Ethik der Laizität

In Österreich bemühen sich die Religionsgemeinschaften und die ÖVP seit Jahren, Nichtteilnehmer am Religionsunterricht durch einen staatlichen Ersatzunterricht zu bestrafen. Vereinfacht gesagt, wen der Religionsunterricht nicht interessiert und sich durch Abmeldung Freistunden verschafft, soll in einen Ethikunterricht gehen müssen. Die Wahlmöglichkeit zwischen diesem Ethikunterricht und dem Religionsunterricht wird durch die längst fast allgemein übliche Praxis, im Religionsunterricht keinerlei Leistungsansprüche zu stellen (also ohne wirkliche Prüfungen möglichst lauter Einser herzugeben) zugunsten des Religionsunterrichtes massiv beeinflusst.

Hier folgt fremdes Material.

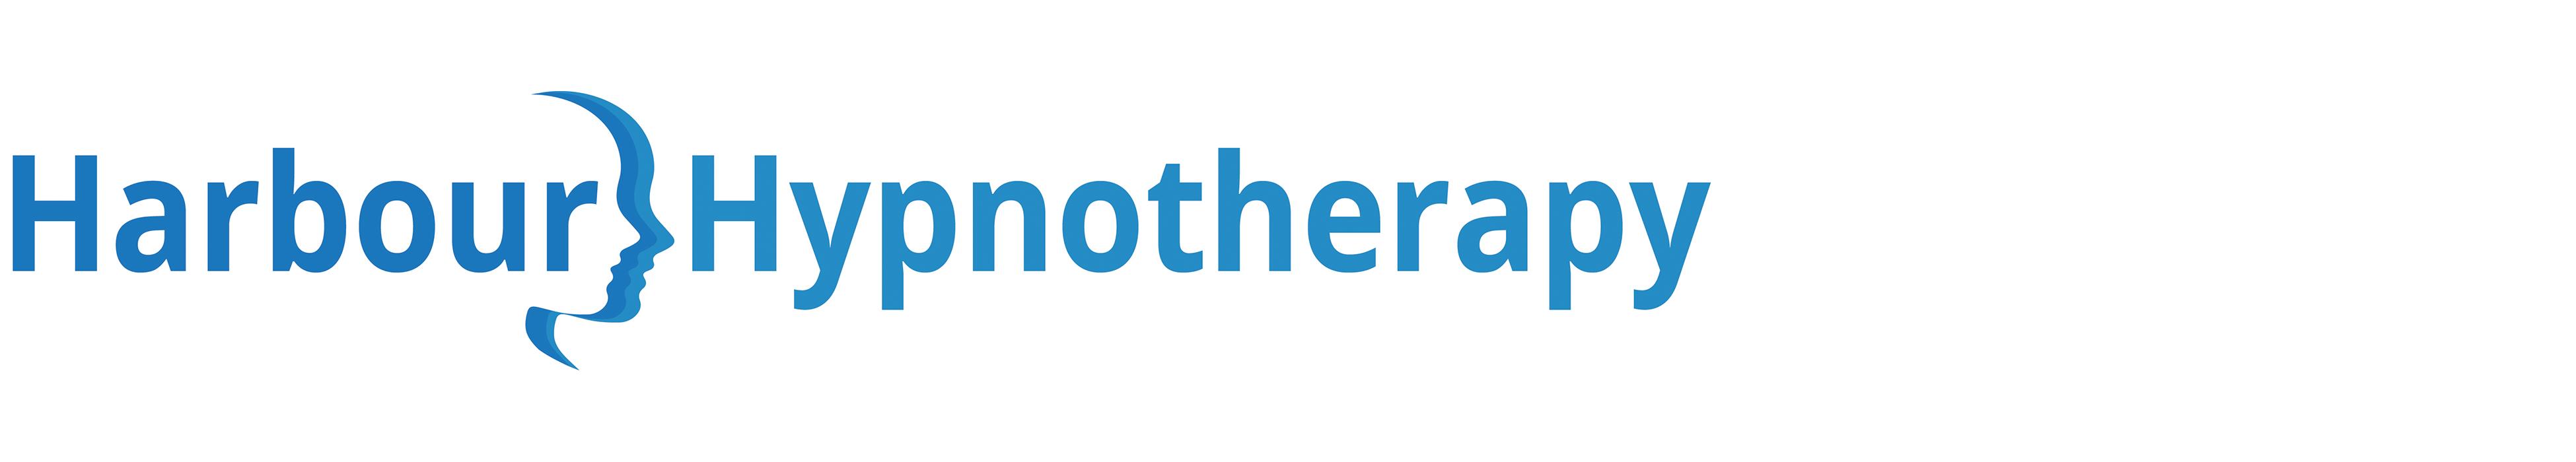 Sydney Hypnotherapy | Sydney Hypnotherapist | Hypnosis North Sydney

Durch die Einführung des Wahlpflichtfaches "Ethik" könnte also das Ausmaß der Abmeldungen (siehe Info Nr. 265) vom Religionsunterricht reduziert werden, man ließe dann in vielen Fällen einfach den Religionsunterricht über sich ergehen, vermiede es aber, den Lehrstoff im Fach "Ethik" lernen zu müssen. Die zwei Freistunden verlöre man dadurch zwar, aber den Religionsunterricht könnte man durch Dösen, Kartenspielen oder das Abschreiben fehlender Hausübungen*) überstehen. Darauf setzen jedenfalls die Kirchen und die ÖVP. Ob dadurch allerdings bei den Zwangsteilnehmern am Religionsunterricht nicht die Entwicklung Richtung Kirchenaustritt verstärkt wird, hat man sich nicht überlegt. Denn wirklich religiös sind in der heutigen Schülerschaft höchstens ein paar mickrige Prozentelchen.
*) das war schon zu meiner Schulzeit vor 50 Jahren so üblich, E.P.

In Frankreich ist die Lage sehr viel besser, dort wurden Staat und Kirche schon 1905 getrennt, es gibt beispielsweise keinen staatlichen Religionsunterricht. Nun hat man dort im Schulbereich diese Trennung noch expliziter gestaltet, denn der jetzige Unterrichtsminister, Vincent Peilen, hat einige bedeutende Neuigkeiten eingeführt:
Von nun an soll am Eingang aller französischen Schulen die Devise der Republik zu lesen sein: "Freiheit, Gleichheit, Brüderlichkeit" (Liberté, Égalité, fraternité).
Die Erklärung der Menschen- und Bürgerrechte (Déclaration des Droits de l’Homme et du Citoyen) von 1789 wird in jedem Klassenzimmer angebracht.
Seit der Schulbeginn 2013 hängt die "Charta der Laizität" (Charte de la laïcité) in jedem Klassenzimmer .
Ein Unterricht in laizistischer Moral (cours de morale laïque) wird 2015 eingeführt.

So sollte man sich heutzutage einen Staat im aufgeklärten Europa wünschen!

Es sollen alle glauben dürfen, was sie glauben möchten, aber das ist ebenso eine Privatsache wie die Auswahl anderer persönlicher Vorlieben, das geht den Staat nichts an. An der Religion hat der Staat nicht mitzuwirken, weder finanziell, noch organisatorisch, noch bildungsmäßig. Wer religiös ist, der ist daran selber schuld und sollte alle Folgen auf seine Kappe nehmen und selber finanzieren (ohne Steuerabschreibungen!), einschließlich der religiösen Aus- und Fortbildung, im staatlichen Bereich hat die Religion nirgendwo was zu suchen, nicht nur den Religionsunterricht, auch Kirchenaustritte haben die Kirchen im eigenen Bereich zu abzuwickeln. Und eine Kirchenbeitragspflicht sollte wirksam werden, wenn sich die Betreffenden bei Volljährigkeit schriftlich als Kirchenmitglieder registrieren lassen. Usw., das Feld des unbestellten Laizismus ist in Österreich noch riesengroß!

In Österreich fehlt eine allgemein gültige Ethik der Laizität!

Kann sich jemand vorstellen, dass im amtlichen Meldezettel ein Feld für das Eintragen der Zugehörigkeit zu einer politischen Partei wäre und dass Eltern für ihre Neugeborenen Parteibücher ausstellen lassen könnten, wodurch diese Kinder als Erwachsene den Parteimitgliedsbeitrag verpflichtend zu zahlen hätten und sie den Parteiaustritt auf der Bezirkshauptmannschaft oder dem Magistrat registrieren lassen müssten?

Das wäre absolut unvorstellbar, bei der Religion ist es jedoch so! In Frankreich ist sowas gänzlich unmöglich! Dank der Trennung von Staat und Kirche!